Medically reviewed by Syuzanna Simonyan, M.D.
Written by Emily Van Devender
Posted on June 30, 2026

Key Takeaways

  • Friedreich ataxia is a progressive condition that affects life expectancy, though improving treatments are helping people live longer than in past decades.
  • View all takeaways

A diagnosis of any condition can leave you wondering how it may affect life span, and Friedreich ataxia (sometimes abbreviated FA or FRDA) is no exception. Friedreich ataxia is a progressive degenerative condition, meaning it gets worse over time.

Fortunately, new and improving treatment options are helping people with Friedreich ataxia live longer. However, the average life span is still shorter than that of the general population.

Keep reading to learn how Friedreich ataxia affects life expectancy and what steps may help lower the risk of early death.

How Long Does Someone With Friedreich Ataxia Live?

The average life expectancy for someone with Friedreich ataxia is 40 to 50 years, although some people live into their 60s or longer. Life expectancy may be shorter than in the general population because of complications that arise as the condition progresses.

As treatments for Friedreich ataxia and its complications continue to improve, average life expectancy is increasing. Studies from the 1980s estimated the average life expectancy for people with Friedreich ataxia to be in the mid-30s. Today, the average has increased by about 10 years.

What Factors Affect Life Span With Friedreich Ataxia?

Not everyone with Friedreich ataxia has the same life expectancy or risk of premature death. Several factors can affect life expectancy with Friedreich ataxia.

Condition Severity

The severity of Friedreich ataxia and its complications can affect how long someone is expected to live. More severe symptoms and a wide range of complications, including diabetes and heart disease, may reduce life expectancy.

Age at Onset

About 85 percent of people with Friedreich ataxia are diagnosed between ages 5 and 25. In rare cases, the condition is diagnosed in infancy or later in adulthood.

People diagnosed at younger ages typically have a shorter life expectancy than those diagnosed in late adolescence or in adulthood. Early-onset Friedreich ataxia (when symptoms begin before age 7) is linked to faster disease progression and more severe ataxia symptoms.

Heart Involvement

Heart complications are the leading cause of early death in people with Friedreich ataxia. More than half of people with the condition develop heart complications, and those who do tend to have a shorter life expectancy.

What Causes Premature Death in Friedreich Ataxia?
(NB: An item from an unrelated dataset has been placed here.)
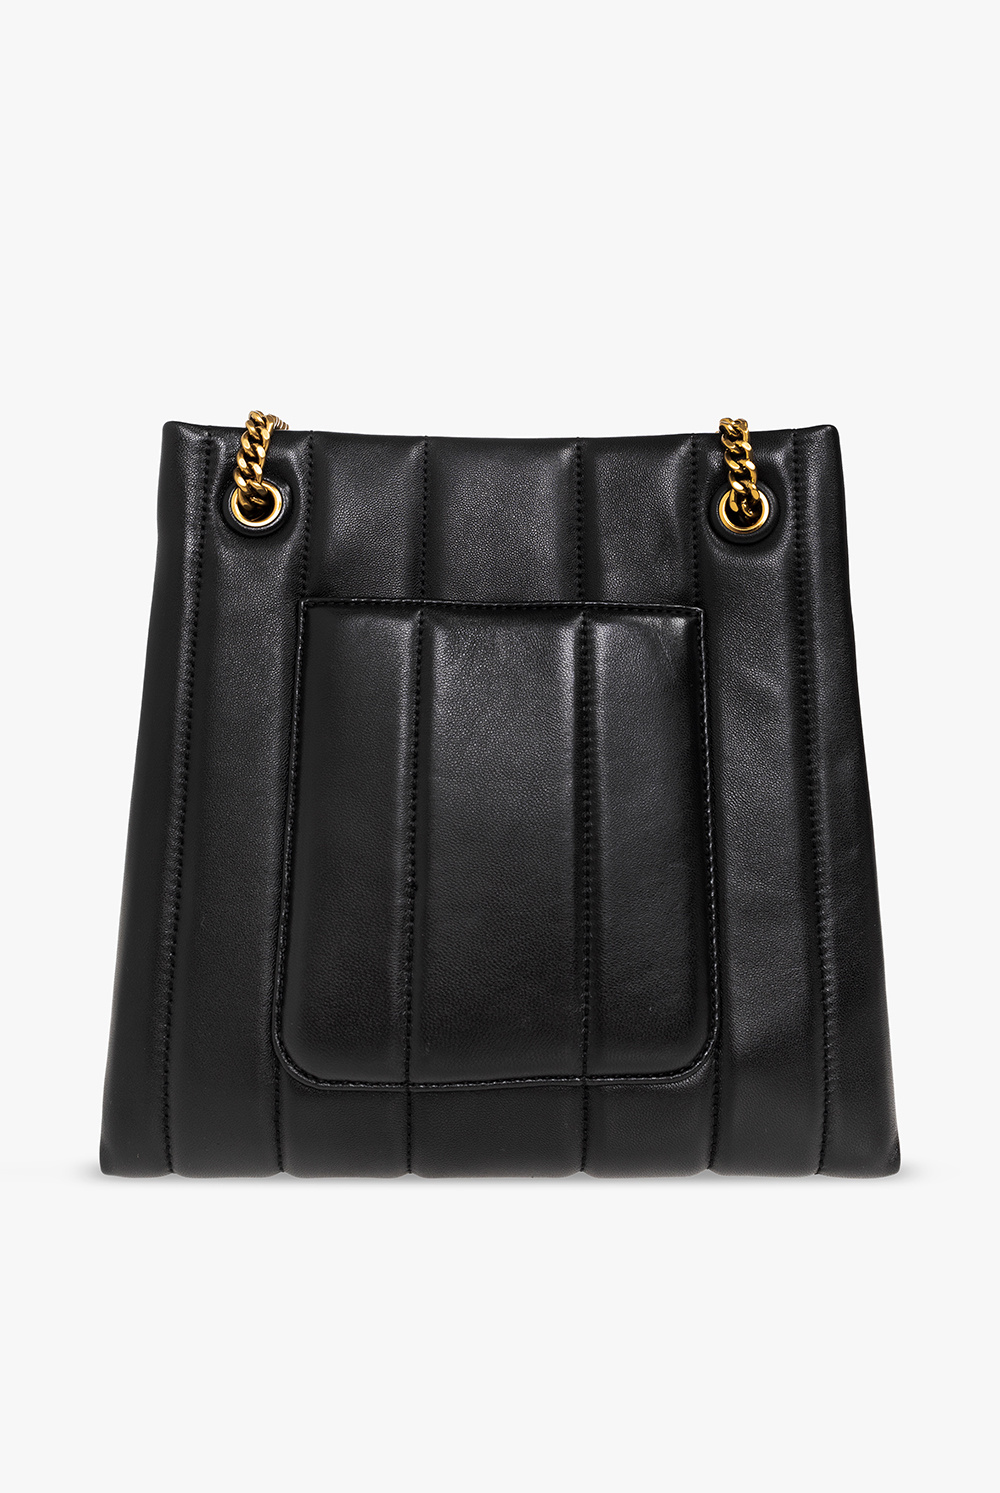 Prada Saffiano Cuir Front Zip Pocket Briefcase Work Bag Travel BLACK  Preowned

Friedreich ataxia can be fatal because of life-threatening complications. Because Friedreich ataxia is progressive, many people develop complications over time.

Cardiac Dysfunction

Congestive heart failure and arrhythmias (abnormal heart rhythms) that lead to heart failure account for over 50 percent of deaths in people with Friedreich ataxia. Many people also develop other heart conditions that can affect life expectancy, including ischemic heart disease (narrowing of the heart’s arteries) and hypertrophic cardiomyopathy (thickening of the heart muscle).

Aspiration Pneumonia

As Friedreich ataxia progresses, increasing nervous system dysfunction can make it harder to chew and swallow. This can lead to aspiration pneumonia, a serious lung infection that happens when food, liquid, or saliva enters the lungs instead of the stomach.

Diabetes Complications

Many people with Friedreich ataxia eventually develop diabetes, which can cause life-threatening complications if it isn’t well managed. One possible complication is a diabetic coma, which can result from dangerously high blood sugar or dangerously low blood sugar.

How Can You Reduce the Risk of Premature Death in Friedreich Ataxia?

If you or a loved one has Friedreich ataxia, you can take steps to help lower the risk of early death while improving quality of life. Managing Friedreich ataxia and any complications can improve your prognosis (outlook) and may help you live longer.

Routine Cardiac Monitoring

Routine cardiac monitoring involves regular tests to check how well your heart is working. These tests can help detect heart problems as quickly as possible so your care team can treat them. Your Friedreich ataxia specialist may recommend the following tests:

  • Electrocardiogram (ECG) — An ECG measures the heart’s electrical activity and can detect arrhythmias. Many doctors and researchers recommend having an ECG at least once a year.
  • Echocardiogram — An echocardiogram uses sound waves to create moving images of the heart. Getting an echocardiogram at least once a year is generally recommended.
  • Cardiac MRI scan — This imaging test provides detailed pictures of the heart muscle. It can show changes such as thickening and scarring.

Treatment of Heart Complications

Your Friedreich ataxia specialist may prescribe medications such as ACE inhibitors or angiotensin 2 receptor blockers to help manage heart complications.

If you develop heart failure, your doctor may recommend an implanted device, such as a pacemaker, to help your heart work properly. In severe cases, a heart transplant may be an option.

Diabetes Screening and Management

Because around 30 percent of people with Friedreich ataxia develop diabetes, many health experts recommend annual diabetes screening. This usually includes blood tests that measure blood sugar levels, such as a fasting glucose test.

If you or your child develops diabetes, treatment should become part of your overall Friedreich ataxia care plan. Diabetes management focuses on keeping blood sugar in a healthy range and may include insulin or other medications.

Mobility and Swallowing Support

As Friedreich ataxia progresses, you or your child may need extra support for mobility. On average, people need a wheelchair about 10 years after symptoms begin. Mobility aids, occupational therapy, and physical therapy can help lower the risk of falls and serious injuries that can happen when Friedreich ataxia affects walking.

Speech therapy can help with swallowing problems as Friedreich ataxia progresses. This may reduce the risk of choking and aspiration pneumonia.

Support From a Neuromuscular Specialty Center

Getting care at a neuromuscular or ataxia specialty center can help you or your child receive comprehensive care. Specialists have experience in treating Friedreich ataxia and can offer personalized treatment recommendations.

Specialists can also connect you with a multidisciplinary Friedreich ataxia care team that may include neurologists, cardiologists, and other specialists, since the condition affects multiple body systems.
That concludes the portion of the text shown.